The results, published May 17 in the journal Cell not only confirm that the vaccine can induce these antibodies to combat different strains of HIV, but also show that this process can be initiated within a few weeks, triggering an important immune response.
The vaccine candidate targets a region on the outer envelope of HIV-1 called the membrane proximal outer region (MPER), which remains stable even as the virus mutates. Antibodies against this stable region on the outer envelope of HIV can block infection by many different circulating strains of HIV.
"This work represents a significant advance because it demonstrates the ability to induce antibodies through immunizations that neutralize the most challenging strains of HIV," said senior author Barton F. Haynes, MD, director of the Duke Vaccine Institute. "Our next steps are to induce more potent neutralizing antibodies against other sites of HIV to prevent the virus from escaping. We are not there yet, but the path forward is now much clearer."
The research team analyzed data from a phase I clinical trial of the vaccine candidate developed by Haynes and S. Munir Alam, Ph.D., at DHVI.
Twenty healthy, HIV-negative people participated in the trial. Fifteen participants received two of the four planned doses of the study vaccine, and five received three doses.
After just two immunizations, the vaccine showed a 95% serum response and a 100% CD4+ T-cell response in the blood, two key indicators demonstrating strong activation of the immune system. Most of the serum responses were directed to the part of the virus targeted by the vaccine.
An important point is that broadly neutralizing antibodies were induced after just two doses.
The trial was stopped when one participant experienced a non-fatal allergic reaction similar to rare cases reported with COVID-19 vaccination. The team investigated the cause of this event, which is likely related to the additive.
“A series of events are required to produce a broadly neutralizing antibody, and this usually takes several years after infection,” said lead author Wilton Williams, PhD, assistant professor of surgery at Duke University and a member of the DHVI.
"The challenge has always been to reproduce the required events in a shorter period of time with a vaccine. It was very exciting to see that with this vaccine molecule we were actually able to produce neutralizing antibodies within a few weeks."
Other features of the vaccine were also promising, especially the way key immune cells were kept in a developmental state that allowed them to continue acquiring mutations so they could evolve with the ever-changing virus.

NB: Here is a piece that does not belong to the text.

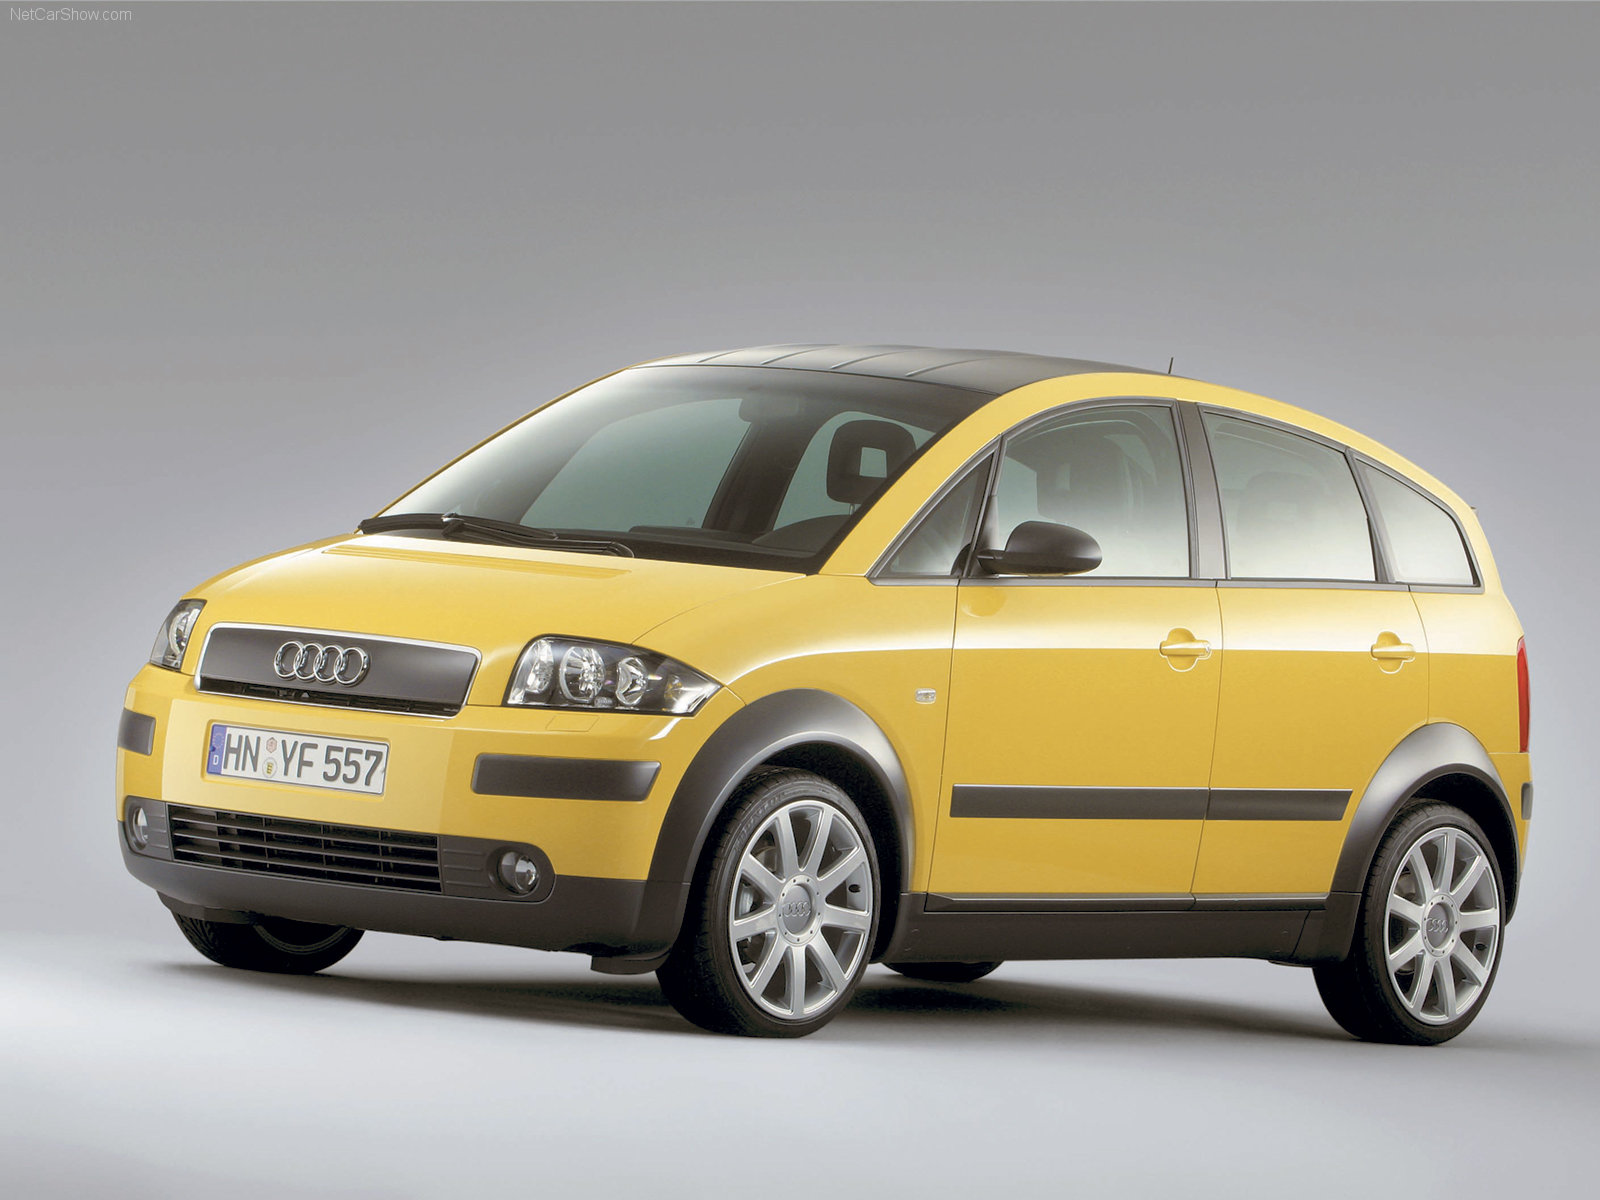 Audi-A2_2003_1600x1200_wallpaper_08.jpg.6a4a3490f1628404ccf0b4965bc9420d.jpg

The researchers noted that more work remains to be done to create a more robust response and target more regions of the virus's envelope. A successful HIV vaccine will likely have at least three components, all of which will target different parts of the virus.
"Eventually we will need to hit all the vulnerable areas of the shell so that the virus can't escape," Haynes said.
"But this study demonstrates that broadly neutralizing antibodies can indeed be induced in people by vaccination. Now that we know that induction is possible, we can repeat what we did here with antibodies targeting other vulnerable sites shell of the virus."